Vermouth and tonic, very accessible, and delighting a clientele that appreciates bitterness, are also available with unique flavours. Among our creations, the Vermouth Bergamot Tonic is composed of the trio MONIN Bergamot syrup + White Martini + Tonic.

 

As we briefly mentioned above, it is clear that this return to the simplification of cocktails does not conflict with innovation. On the contrary, the challenge today is to offer sophisticated recipes with few quality ingredients! Bartenders are stepping up their technique and expertise to enhance the taste of each component in order to get the best out of it.

 

In the mixology world, we’ll talk of simplexity, which is the contraction of simplicity and complexity.
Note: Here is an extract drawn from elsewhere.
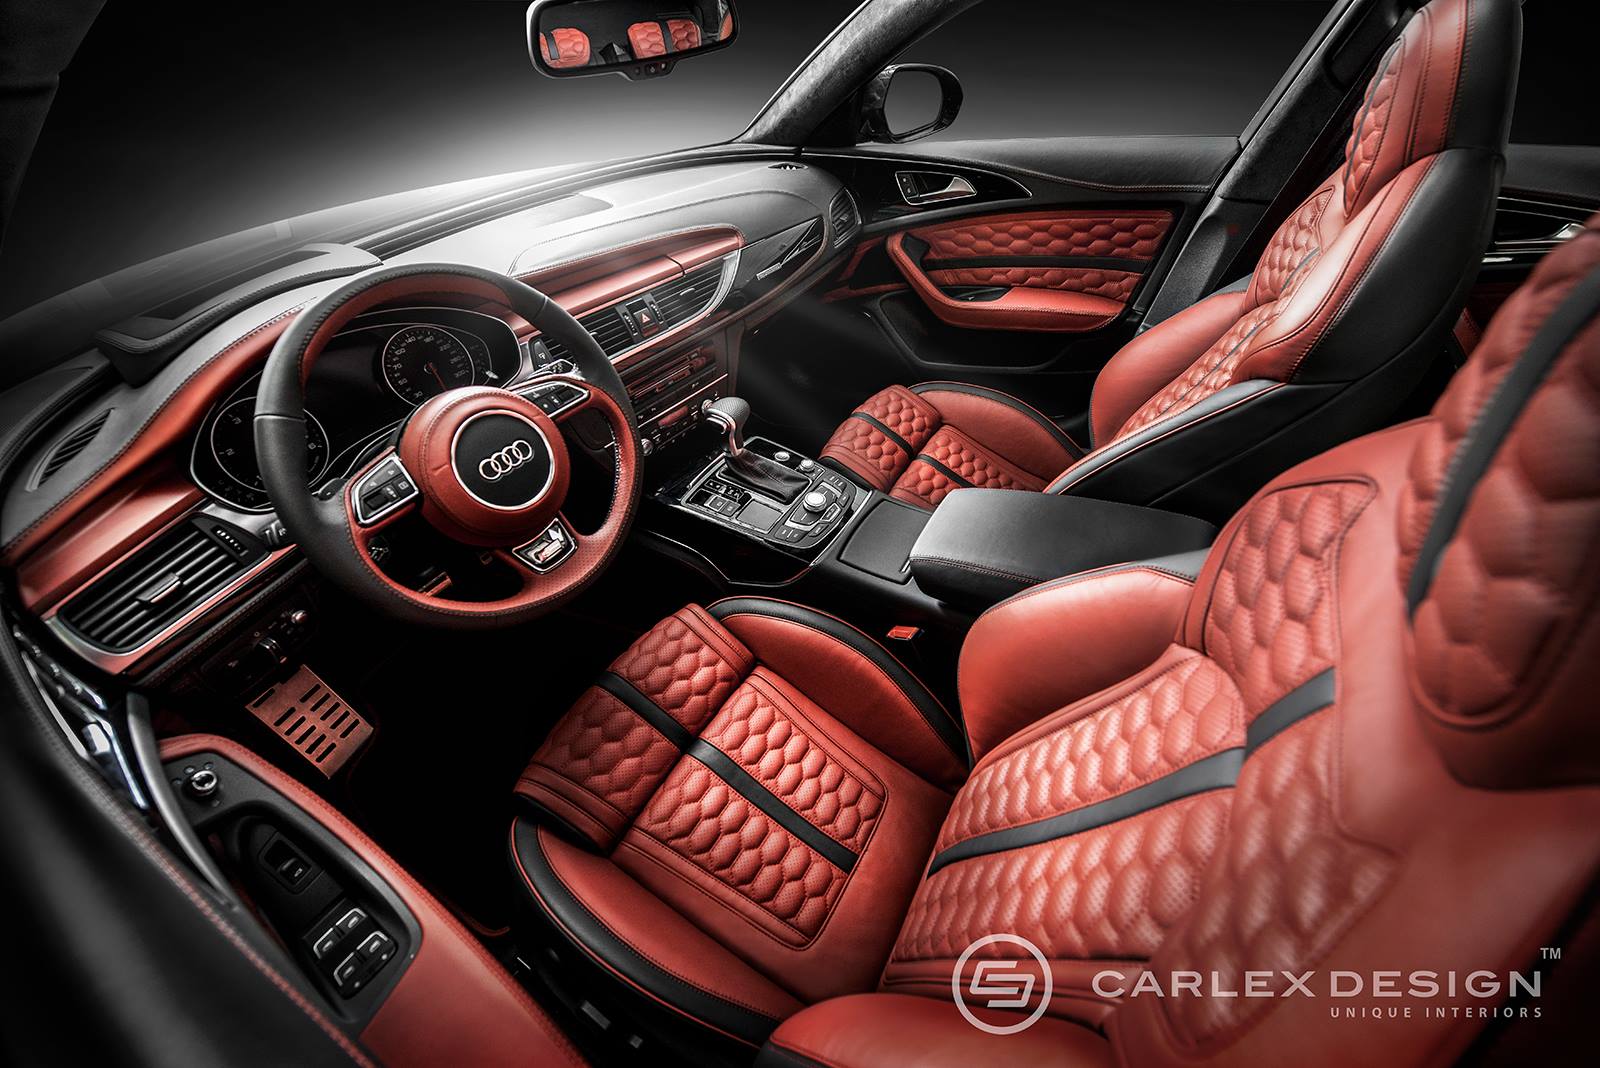 inspiration for a custom car interior can come from all sorts of

In other words, how to elevate a ‘simple’ highball to that of a cocktail of aromatic complexity. The new generation of Paragon Cordials lends itself willingly to this exercise: the Penja V & T perfectly mixes Paragon White Penja Pepper + Martini Rubino + Tonic.

HighballHighball

 

 

Our other highball recipes

Passion Spiced RumPassion Spiced Rum

Passion Spiced Rum

 

• Ingredients:

- 15 ml MONIN Passion Fruit syrup

- 45 ml Spiced rum 

- 120 ml ginger ale

 

• Method: Build in glass. Stir. 

 

• Garnish: lime

Vermouth Bergamot TonicVermouth Bergamot Tonic

Vermouth Bergamot Tonic

 

• Ingredients:

- 15 ml MONIN Bergamot syrup

- 40 ml white vermouth

- 120 ml tonic 

- Ice

 

• Preparation: In a tumbler filled with ice, pour syrup and vermouth. Top with tonic. Gently stir and serve.

 

• Garnish options: lemon zest, dried bergamot slice

Quinquina Tangerine TonicQuinquina Tangerine Tonic

Quinquina Tangerine Tonic

 

• Ingredients:

- 15 ml MONIN Tangerine syrup

- 40 ml amber Quinquina

- 120 ml tonic

- Ice

 

• Preparation: In a tumbler filled with ice, pour the syrup and quinquina. Top with tonic. Gently stir and serve.